Un’altra sessione importante, relativamente alle malattie rare, è stata quella dedicata alle Associazioni dei malati. La sessione è stata coordinata da Katherine Esposito che è  Professore di Endocrinologia dell’Università di Napoli è membro del Consiglio direttivo della SIE ed è incaricata di organizzare progetti condivisi con le Associazioni dei malati.

Paolo Vitti, Professore di Endocrinologia dell’Università di Pisa e Presidente entrante della SIE, ha aperto la riunione sottolineando l’importanza, per la SIE di avere stretti rapporti con le Associazioni dei malati, spiegando che, se da una parte è importante che ci siano Associazioni specifiche di ciascuna malattia, dall’altra è indispensabile creare un “contenitore” nel quale condividere, tutti insieme, idee e progetti.

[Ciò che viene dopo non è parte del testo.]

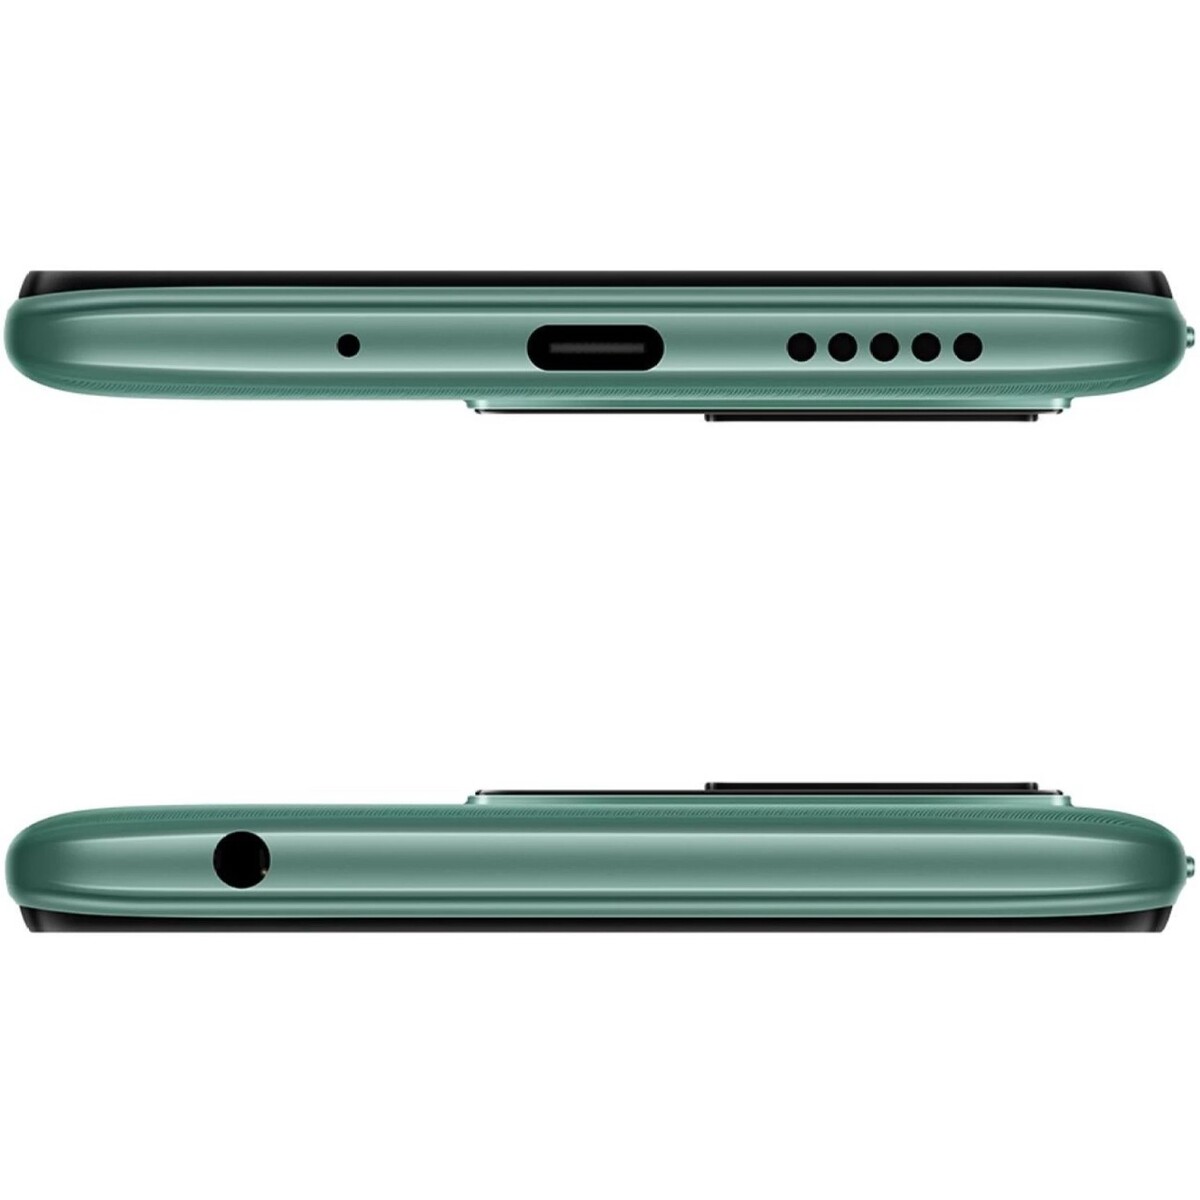 Xiaomi Redmi 10 4GB/64GB Caribbean Green

E’ stato poi il momento delle presentazioni fatte dalle diverse Associazioni, che hanno illustrato alcuni dei progetti sviluppati. Ad esempio, l’Associazione Pazienti con Morbo di Addison (AIPAD) ha presentato una carta che contiene dati e informazioni sulla malattia importanti da conoscere per medici che si trovino a gestire persone con Morbo di Addison. La carta viene distribuita dagli endocrinologi, che selezionano i destinatari in base alla conferma della diagnosi. Da luglio 2014 ne sono state distribuite 1600. Altre associazioni hanno presentato le loro attività di supporto ai malati, fra le quali due che si occupano di Sindrome di Klinefelter, e Associazioni riguardanti altre patologie endocrinologiche, rare e non, come ad esempio l’AFADOC (Associazione delle Famiglie di soggetti con Deficit di Ormone della Crescita). Alla fine della sessione, Katherine Esposito ha concordato con i presenti la raccolta di proposte e progetti da discutere in una successiva occasione.

Si è parlato di malattie rare endocrinologiche anche in una sessione sull’ENDO-ERN, abbreviazione di European Reference Network on Rare Endocrine Conditions, cioè la rete europea di centri dedicati alle malattie rare endocrinologiche. Una delle relazioni ha riguardato la lipodistrofia. Questa malattia è caratterizzata da magrezza associata ad alterazioni del metabolismo che sono, invece, caratteristiche dell'eccesso di peso. Fra le cause di queste alterazioni, c’è la mancanza di leptina e adiponectina. Poche settimane dopo il Congresso della SIE, ci sarà un incontro in Germania finalizzato al lancio di un Registro europeo di malati di lipodistrofia, ma dal 2016 è partito il progetto di Registro italiano in collaborazione con l'Istituto Superiore di Sanità. L’associazione dei malati si chiama AILip. Dopo una relazione sulla Iperplasia Surrenale Congenita, patologia caratterizzata da un anomalo sviluppo delle ghiandole surrenali, si è parlato di Sindrome di Turner. In Italia, nell'ambito della Società di Endocrinologia Pediatrica, si è formato, da tempo, un gruppo di studio che copre tutto il territorio nazionale con una rete di centri dedicati alla gestione della Sindrome. Si è sottolineato che un momento molto importante, nella vita delle persone con Sindrome di Turner, è la cosìddetta fase di transizione, nella quale il malato dovrebbe essere “passato” dall’endocrinologo pediatra a quello che segue gli adulti. Nei centri più attrezzati tale passaggio è gestito con particolare cura. Alla sessione ha partecipato anche Diana Vitali, rappresentante delle associazioni dei malati nell’ambito del gruppo ENDO-ERN, che, in chiusura di sessione, ha auspicato  una maggiore interazione tra medici e persone con malattie rare endocrinologiche.